However, in relation to the hypothesis presented at the beginning of this paper, one must be cautious since individualism and collectivism are considered learnt values, whereas interactional markers of the types examined are not only influenced by these dimensions, but also by others which are based on communication and not values. I am particularly referring to "high versus low context communication" (Hall 1976). These cultural orientations examine how people express and convey meaning. In this way, Spaniards have been found to operate highly on context. As fairly high-context communicators, Spanish people rely on nonverbal, symbolic, and situational cues more than on spoken or written communication. This is the reason why they seem to favour implicit communication. In contrast, as low context communicators, North Americans tend to believe that written messages and detailed communication have more importance than information that is transmitted orally or personally (Walker, Walker and Schmitz 2003, 223).

The high score of individualistic cultural values of the US and its low-context cultural orientation are reflected in the US websites studied in the predominance of attitude markers, boosters, engagement and self-reference markers. The use of exclamations, attitude adjectives, comparisons, cognitive verbs, superlatives, second person pronouns and imperatives together withfirst-person singular pronouns might imply that the company is transmitting its own opinions to the person visiting the website.

The predominance of these interactional metadiscourse strategies in the US corpus can be related to one fundamental point: the explicit communicative style that speakers from individualistic societies make use of to communicate (Caillat and Mueller 1996; De Mooij 2000; Usunier and Lee 2005).
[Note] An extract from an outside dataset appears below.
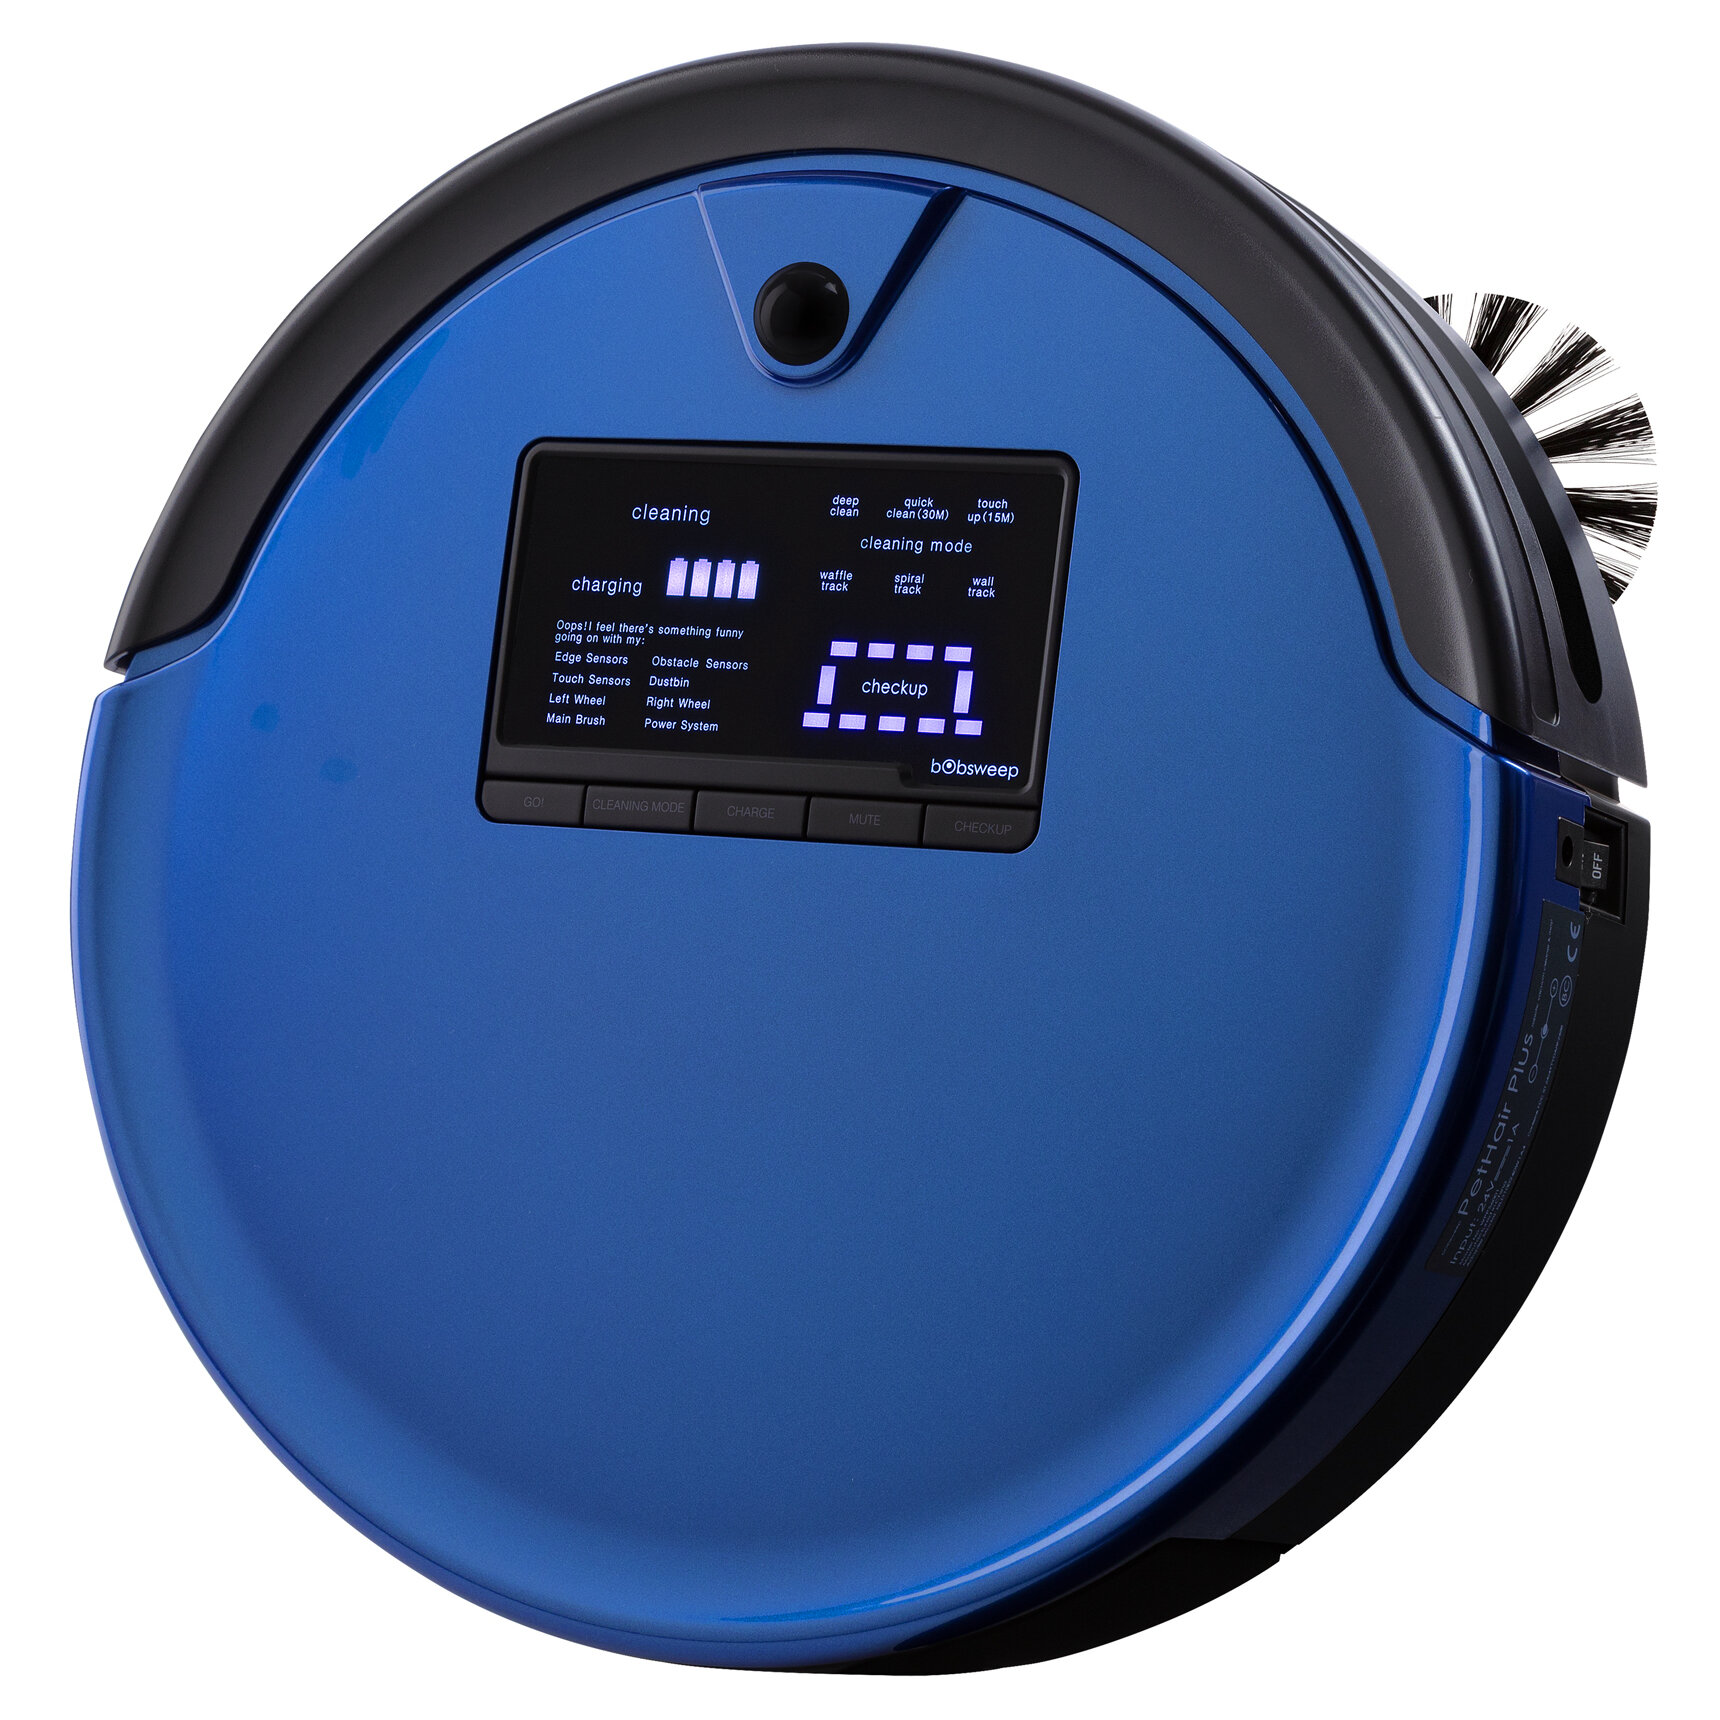 Rechargeable Automatic Smart Robot Vacuum Cleaner Edge Cleaning Suction Sweeper for Pet Hair Robot Vacuum Free Size, Blue Carpets/&Hard Floors

In individualistic cultures saying what you really think about what someone feels is considered to be a virtue, that is, the free expression of one's own thoughts is a sign of sincerity and honesty (Hofstede 1991; Walker, Walker and Schmitz 2003).

The lower frequency of occurrence of these interactional metadiscourse strategies on the Spanish websites may be due to the implicit communicative style used by collectivist speakers to communicate. In societies like Spain, which hold low or moderate individualist cultural values people are more likely to take into consideration "nonverbal, symbolic, and situational cues than spoken or written communication" (Walker, Walker and Schmitz 2003, 223).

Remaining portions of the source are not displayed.